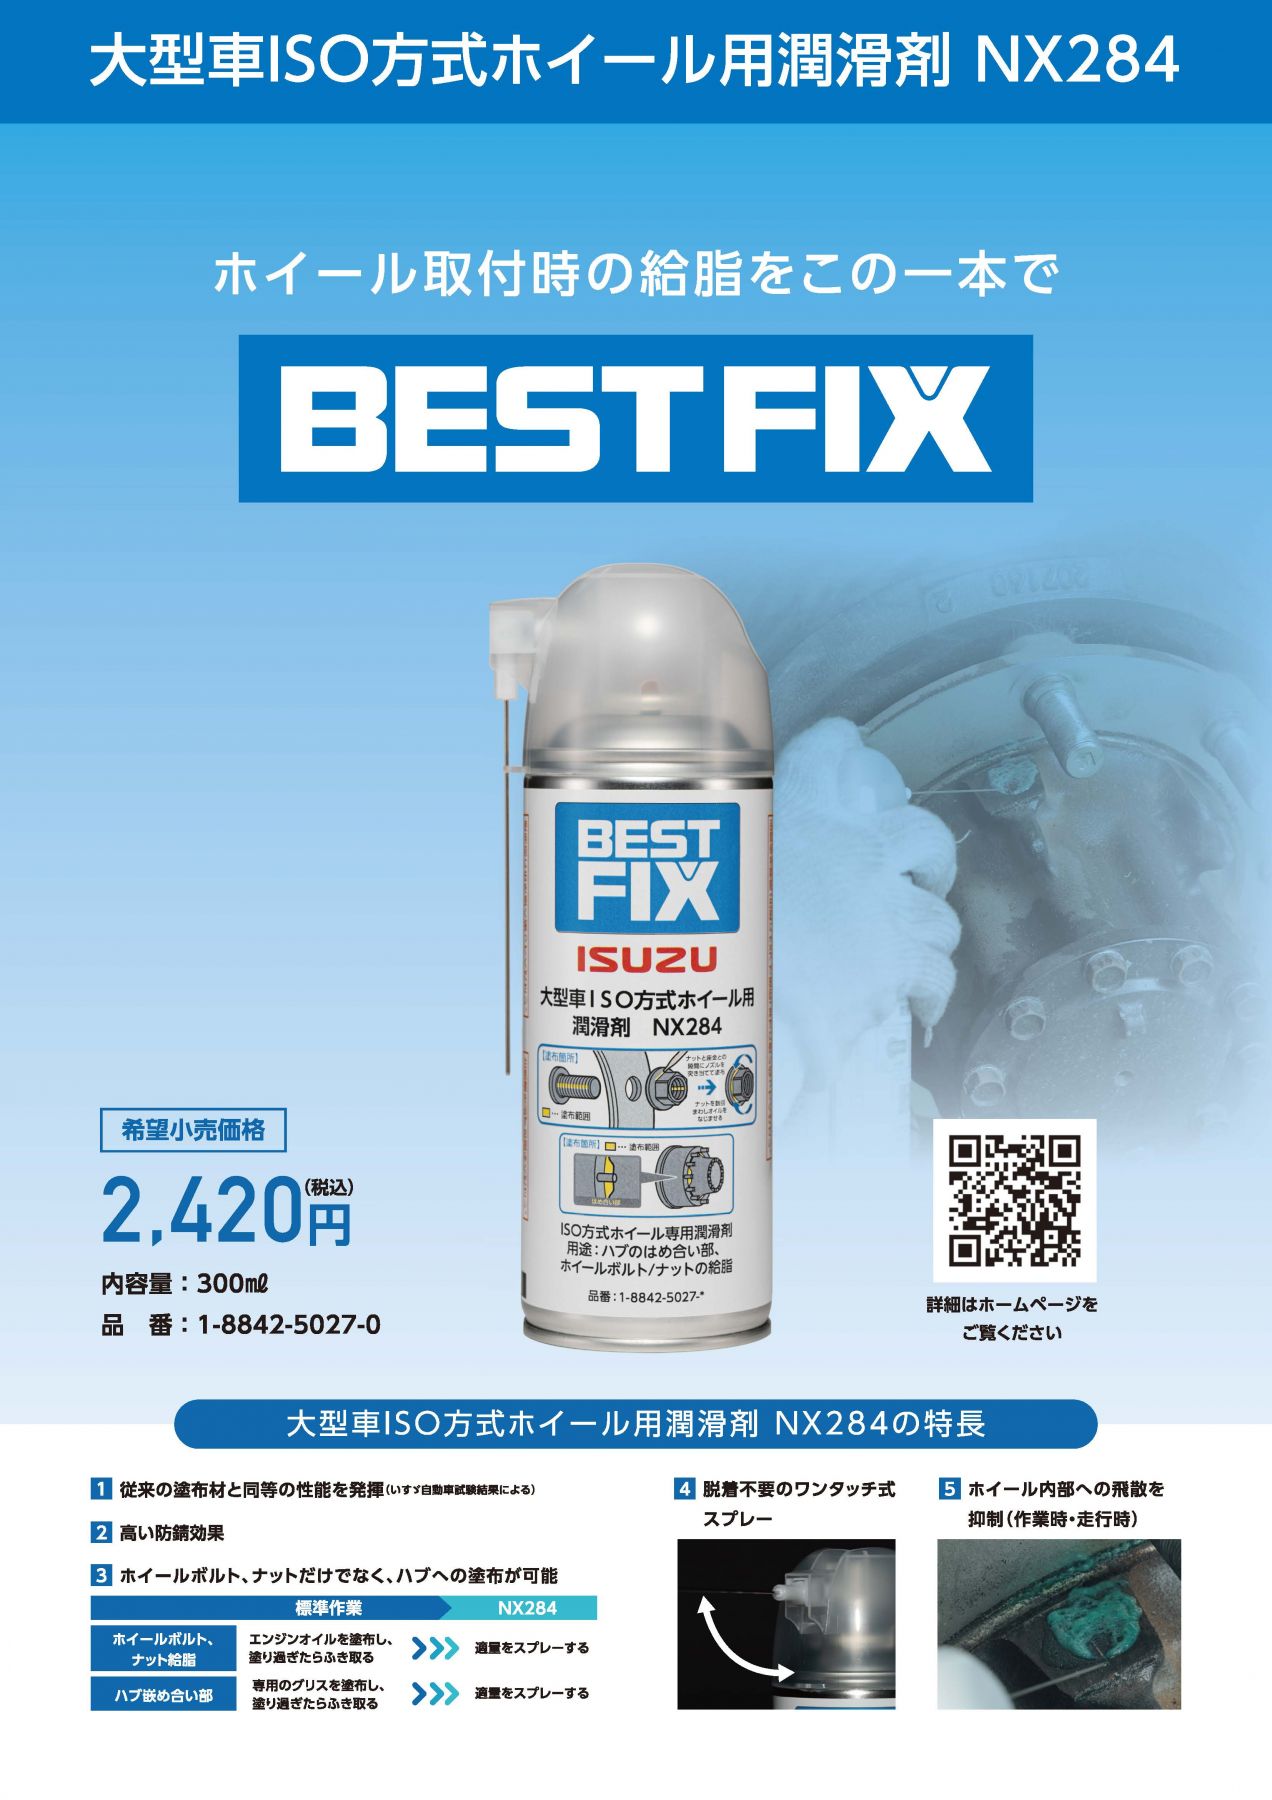 BESTFIX 大型車ISO方式ホイール用潤滑剤 NX284新発売のお知らせ
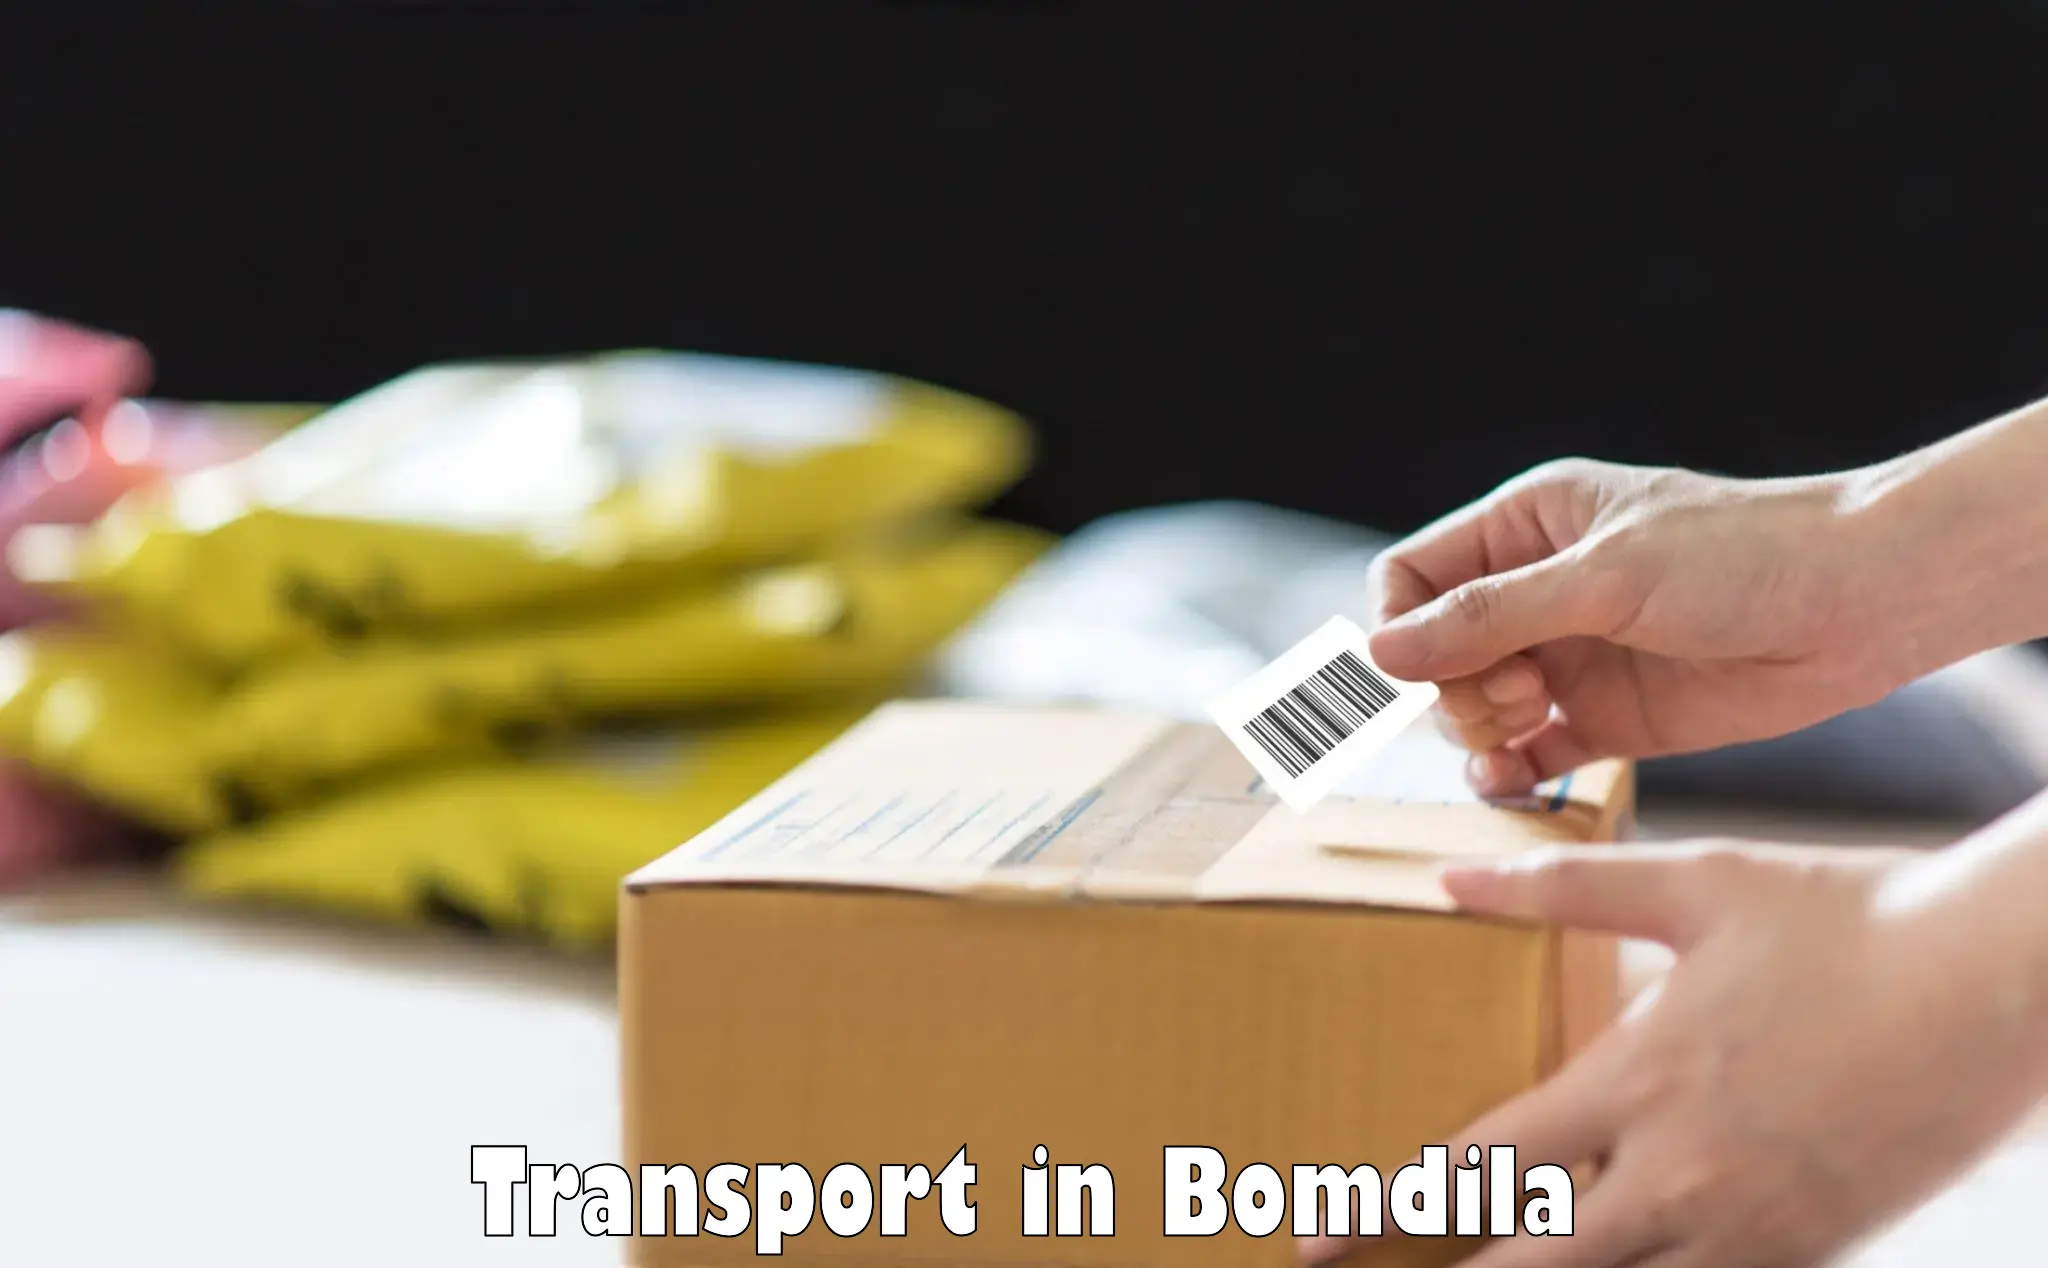 Sending bike to another city in Bomdila
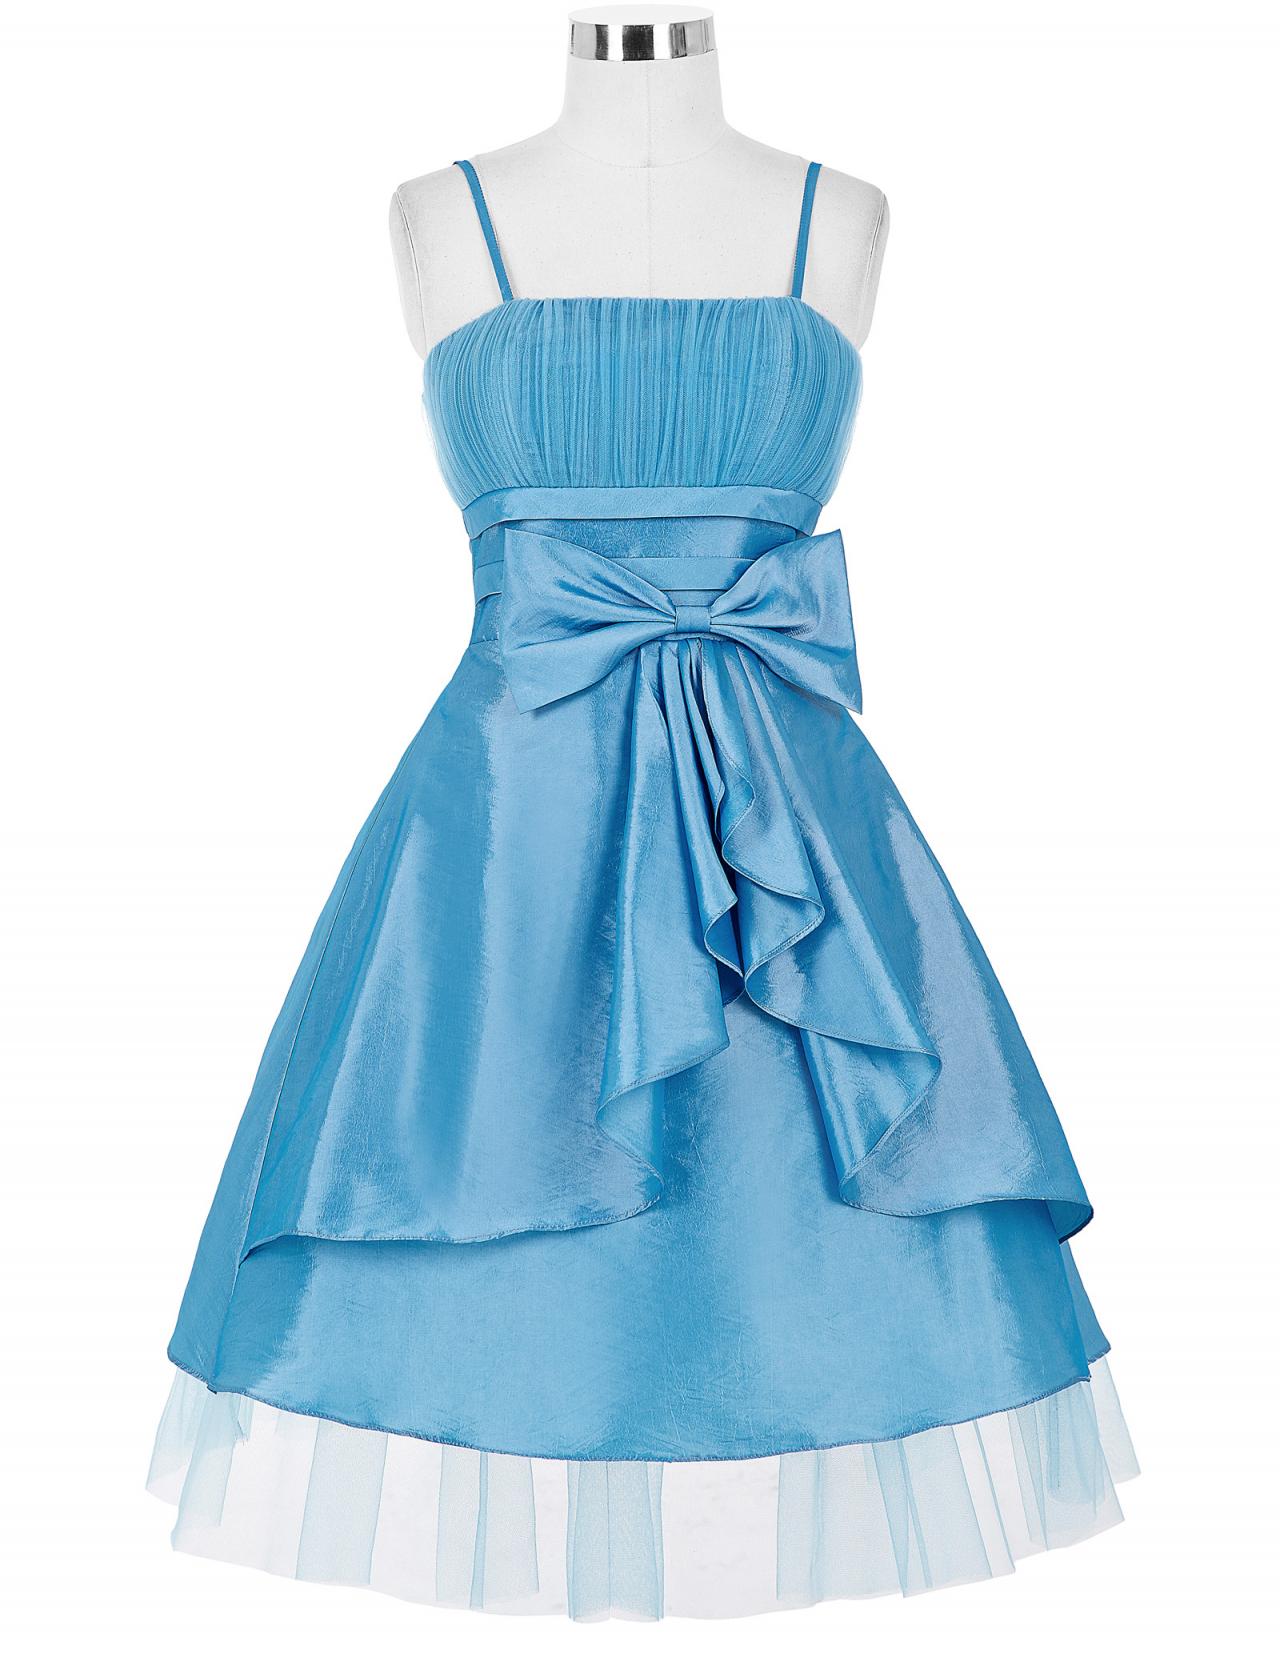 Spaghetti Straps Blue Homecoming Dresses With Bow,short Taffeta Prom Dresses 2017

──────

__What you will do__. Word-for-word transcript, pictures excluded: copy all the material above.

__Response area__.
 BESTFIX 大型車ISO方式ホイール用潤滑剤 NX284新発売のお知らせ
 Sending bike to another city in Bomdila
 Spaghetti Straps Blue Homecoming Dresses With Bow,short Taffeta Prom Dresses 2017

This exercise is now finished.